Introduction

One of the most important products on the therapeutic recombinant protein market is the monoclonal antibody. More than 54 therapeutic antibodies have been approved for various indications, including cancer and autoimmune diseases.1 Traditionally, therapeutic antibodies have been generated by mouse B-cell hybridoma technology followed by chimerization or humanization.2 In the past few decades, technologies such as transgenic mice encompassing human antibody gene repertoires, and phage display of antibody libraries, have become available, facilitating the rapid flourishing of therapeutic antibodies in the drug discovery field.3

Phage display technology frequently allows the creation of libraries containing up to 1011 different variants, which can be used to screen antibody clones by bio-panning.4 Despite the development of alternative display technologies such as bacterial display, yeast display and ribosome display, phage display remains the most widely used display technology due to the robustness of the filamentous bacteriophage M13.5 Several therapeutic antibodies that are currently either approved or in clinical trials have been developed by phage display technology.6, 7

Recently, next-generation sequencing (NGS) technology has allowed a massive increase in capacity to sequence genomes at relatively low cost and in a short time frame.8 It has revolutionized multiple aspects of biological research5 and is also actively being adopted into antibody phage display technology. Several NGS platforms are currently available, with average read lengths of 75–8500 bp and different error rates.9 The CDR3 sequence of the VH and VL genes has been effectively determined by the MiSeq system;10 a single-domain antibody gene was successfully determined by the MiSeq system using a 2 × 250 paired-end module;11 and the entire VH gene was successfully sequenced using the 454 pyrosequencing system.12 However, sequencing of the entire single-chain variable fragment (scFv) gene, which contains 750–800 bases, could not be achieved using any of these NGS platforms, to the extent of the authors’ knowledge. In one study, to obtain the whole scFv gene sequence, HCDR3 sequences were first determined by the MiSeq system; the entire scFv gene was then generated by two-step linker PCR using primers based on the heavy chain complementarity-determining region 3 (HCDR3) sequences, and its sequence was determined by Sanger sequencing analysis.6 In another similar study, HCDR3/FR4 sequences were determined from Ion Torrent PGM sequence analysis using the 318 chip. Then, the entire scFv gene was retrieved by inverse PCR using primers based on the HCDR3/FR4 sequences.13

Following NGS analysis, the antibody gene is typically cloned and expressed. And the binding reactivity of the antibody to its target as well as its biological activity are tested. However, this may prove to be unproductive when the fraction of positive clones is not high following bio-panning. It has been extensively reported that positive clones tend to be enriched through bio-panning and negative clones show the opposite tendency. Therefore, NGS analysis of clones after each round of bio-panning could provide insights on which clones are more likely to be positive. Furthermore, it is unknown whether there is a difference between scFv clones identified by conventional colony screening methods14 and those obtained from NGS.

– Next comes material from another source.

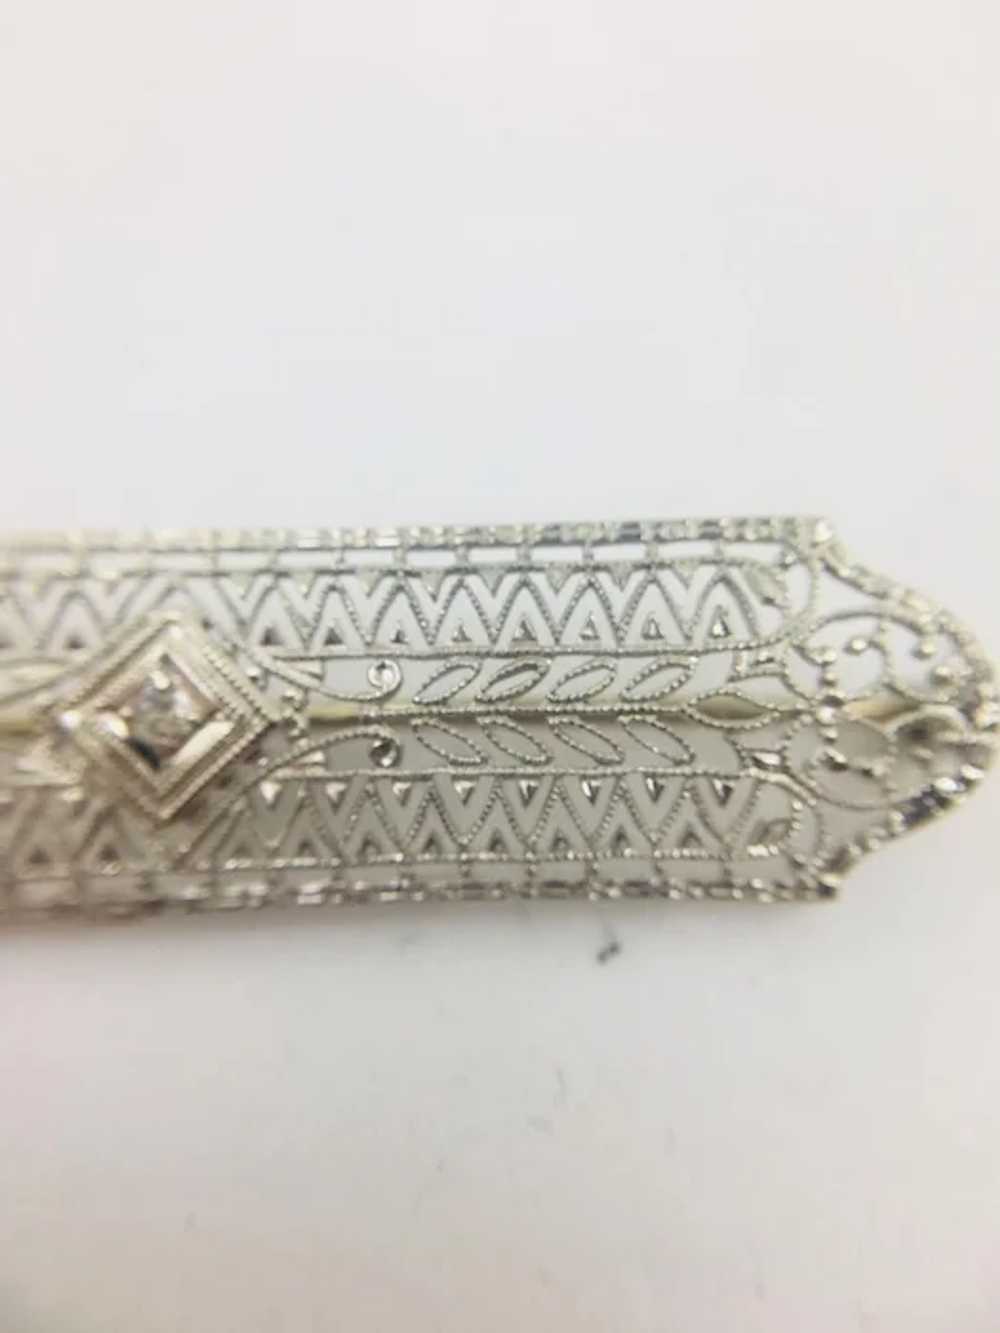 10K WG Vintage Repro Diamond Pin - image 3

In this study, we have attempted to answer these questions. We performed four rounds of bio-panning using three scFv libraries constructed from prostate-specific antigen (PSA)-immunized chickens. We then performed NGS analysis of scFv clones focusing on HCDR3 in the initial scFv library and in four enriched scFv libraries obtained from subsequent rounds of bio-panning. scFv clones were obtained after the last round of bio-panning using the conventional colony screening method from the output titer plate, or from phagemid DNA prepared following a previously reported procedure.6 The reactivity of these scFv clones was measured using a phage enzyme immunoassay. Based on these experiments, the sequences obtained using NGS and the conventional colony screening method were compared. We also classified scFv clones obtained from NGS into 3–4 clusters based on their enrichment or impoverishment patterns, and analyzed these patterns for clues regarding the reactivity of scFv clones.

Materials and methods

Library construction and bio-panning

Three white leghorn chickens were immunized and boosted four times with recombinant human PSA (Fitzgerald, Acton, MA, USA). After the final booster injection, total RNA was extracted from the spleen, bone marrow, and bursa of Fabricius using the TRI Reagent (Invitrogen, Grand Island, NY, USA). First-strand cDNA was synthesized using SuperScript reverse transcriptase with oligo (dT) priming (Invitrogen). Using this cDNA, three phage-displayed libraries of chicken scFvs were constructed using the pComb3XSS phagemid vector, as described previously.14 Four rounds of bio-panning were performed to screen scFv clones from the library following a previously reported procedure.15 For each round of bio-panning, 5 × 106 magnetic beads (Dynabeads M-270 epoxy) (Invitrogen) coated with 1.5 μg recombinant PSA protein were used.

Phage enzyme immunoassay

The scFv-displaying phages were rescued from titer plates after transformation and subjected to phage enzyme immunoassay as described previously.14 The microtiter plates (Corning, NY, USA) were coated overnight at 4 °C with 20 μl recombinant human Fc-tagged PSA (5 μl ml−1) dissolved in phosphate-buffered saline (PBS). After blocking with 3% bovine serum albumin dissolved in PBS (w/v, PBS-B), the plates were then sequentially incubated with scFv-displaying phages in the culture supernatant, horseradish peroxidase (HRP)-conjugated mouse anti-M13 monoclonal antibody (GE Healthcare, Pittsburg, PA, USA) in PBS-B, and then finally with 2,2′-Azinobis [3-ethylbenzothiazoline-6-sulfonic acid]-diammonium salt (ABTS) substrate solutions (Amresco LLC, Solon, OH, USA), with intermittent washing using 0.05% Tween-20 in PBS (PBST). After incubating the plates at 37 °C for 10 min, the optical density was measured at 405 nm using a microtiter plate reader (Labsystems AiG SL, Barcelona, Spain).

Sanger sequencing analysis

Phagemid DNA from selected clones identified by phage enzyme immunoassays was prepared with a small-scale plasmid preparation kit (Qiagen, Hilden, Germany). The OmpSeq primer (5′-AAGACAGCTATCGCGATTGCAG-3′) and HRML-F primer (5′-GGTGGTTCCTCTAGATCTTCC-3′) were used to sequence the VH and VL chains of the antibody.14 Sequence analysis of positive clones (O.D.405nm>0.3) was performed by Macrogen (Seoul, Korea).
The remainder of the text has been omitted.